Last month, a teenage girl died of an apparent overdose at a Los Angeles high school and authorities are investigating three other possible overdoses of teens in the area. Investigators believe the drugs were purchased at a nearby park and are investigating whether the pills were laced with fentanyl – an increasingly common practice that has inspired the message, “One Pill Can Kill”.
In August 2022, the DEA and law enforcement partners seized brightly-colored fentanyl and fentanyl pills in 18 states. Dubbed “rainbow fentanyl”, this trend appears to be a new method used by drug cartels to sell highly addictive and potentially deadly fentanyl made to look like candy to children and young people.
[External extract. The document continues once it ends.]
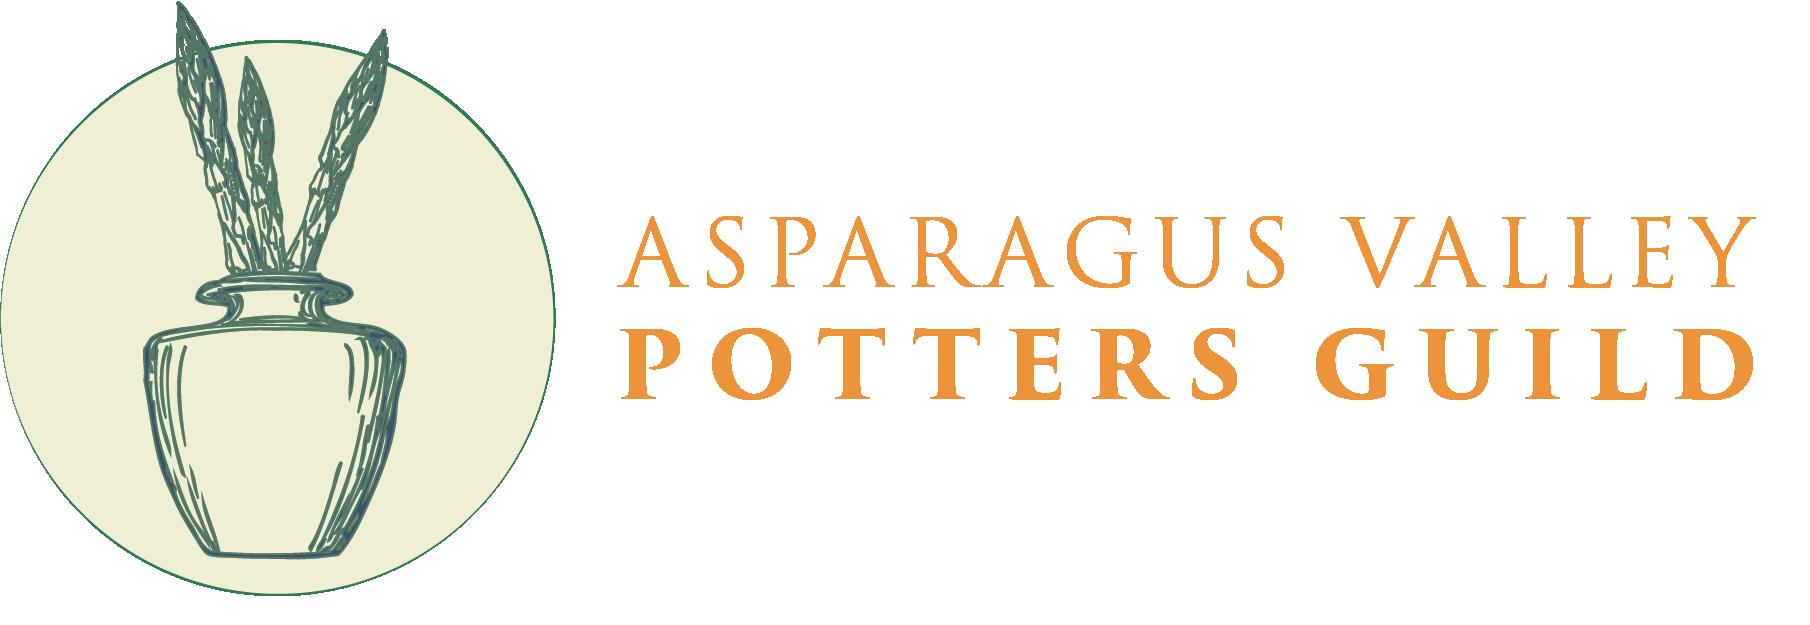 Asparagus Valley Potters Guild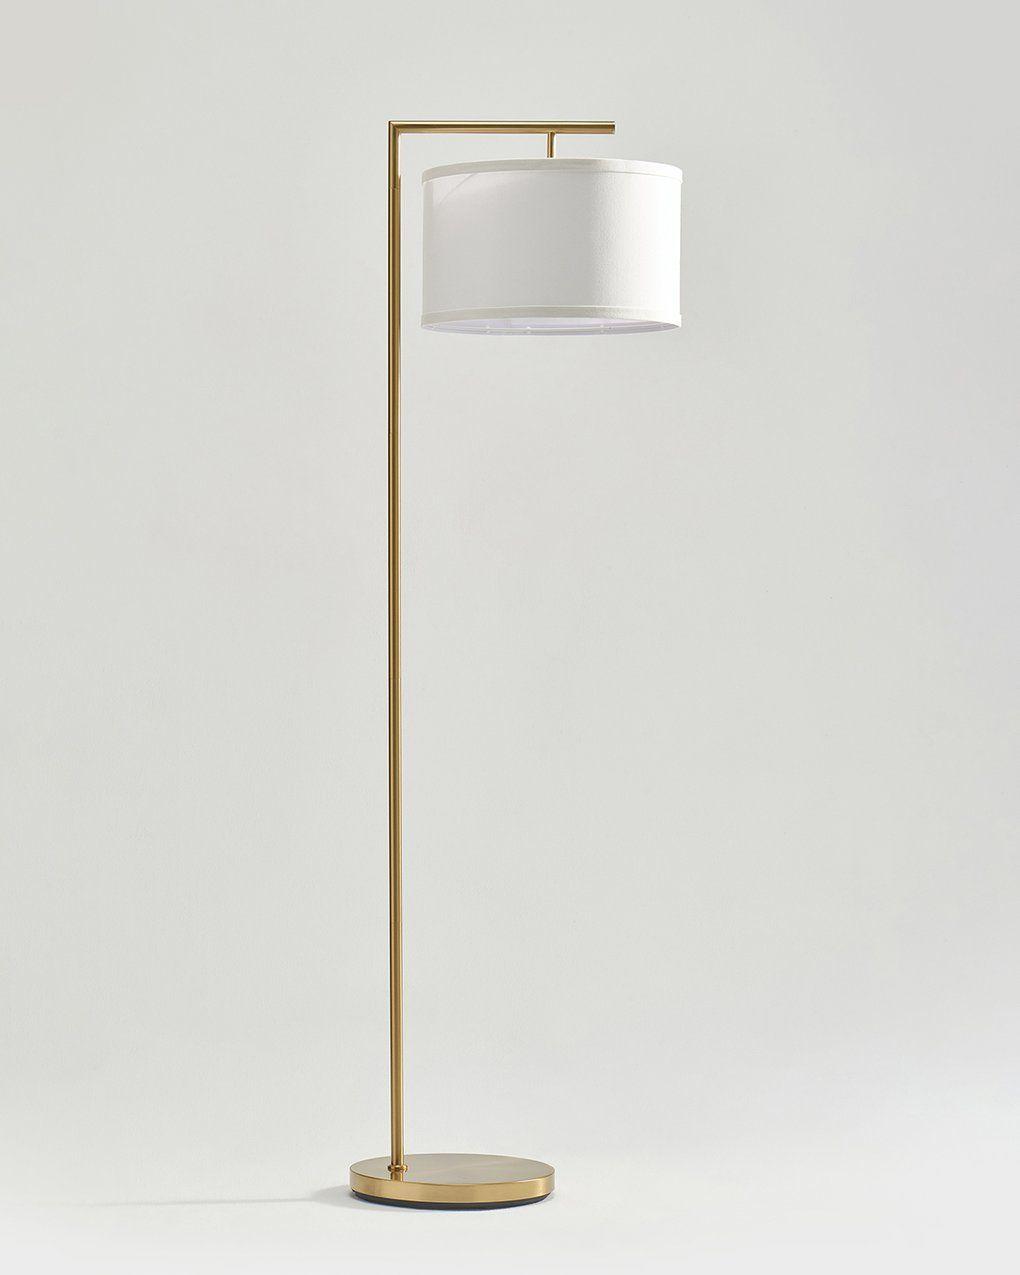 Montage Modern Floor Lamp In 2020 Modern Floor Lamps Floor Lamp

Brightly-colored fentanyl is being seized in multiple forms, including pills, powder, and blocks that resemble sidewalk chalk. Despite claims that certain colors may be more potent than others, there is no indication through DEA testing that this is the case. Every color, shape, and size of fentanyl should be considered extremely dangerous.
Fentanyl is a synthetic opioid that is 50 times more potent than heroin and 100 times more potent than morphine. Just two milligrams of fentanyl, which is equal to 10-15 grains of table salt, is considered a lethal dose. Without laboratory testing, there is no way to know how much fentanyl is concentrated in a pill or powder.
It’s important to know that fentanyl is the deadliest drug threat facing this country. According to the CDC, 107,622 Americans died of drug overdoses in 2021, with 66% of those deaths related to synthetic opioids like fentanyl. Drug poisonings are now the leading killer of Americans between the ages of 18 and 45. Fentanyl available in the United States is primarily supplied by two criminal drug networks, the Sinaloa Cartel and the Jalisco New Generation Cartel (CJNG).
If you encounter fentanyl in any form, do not handle it and call 911 immediately.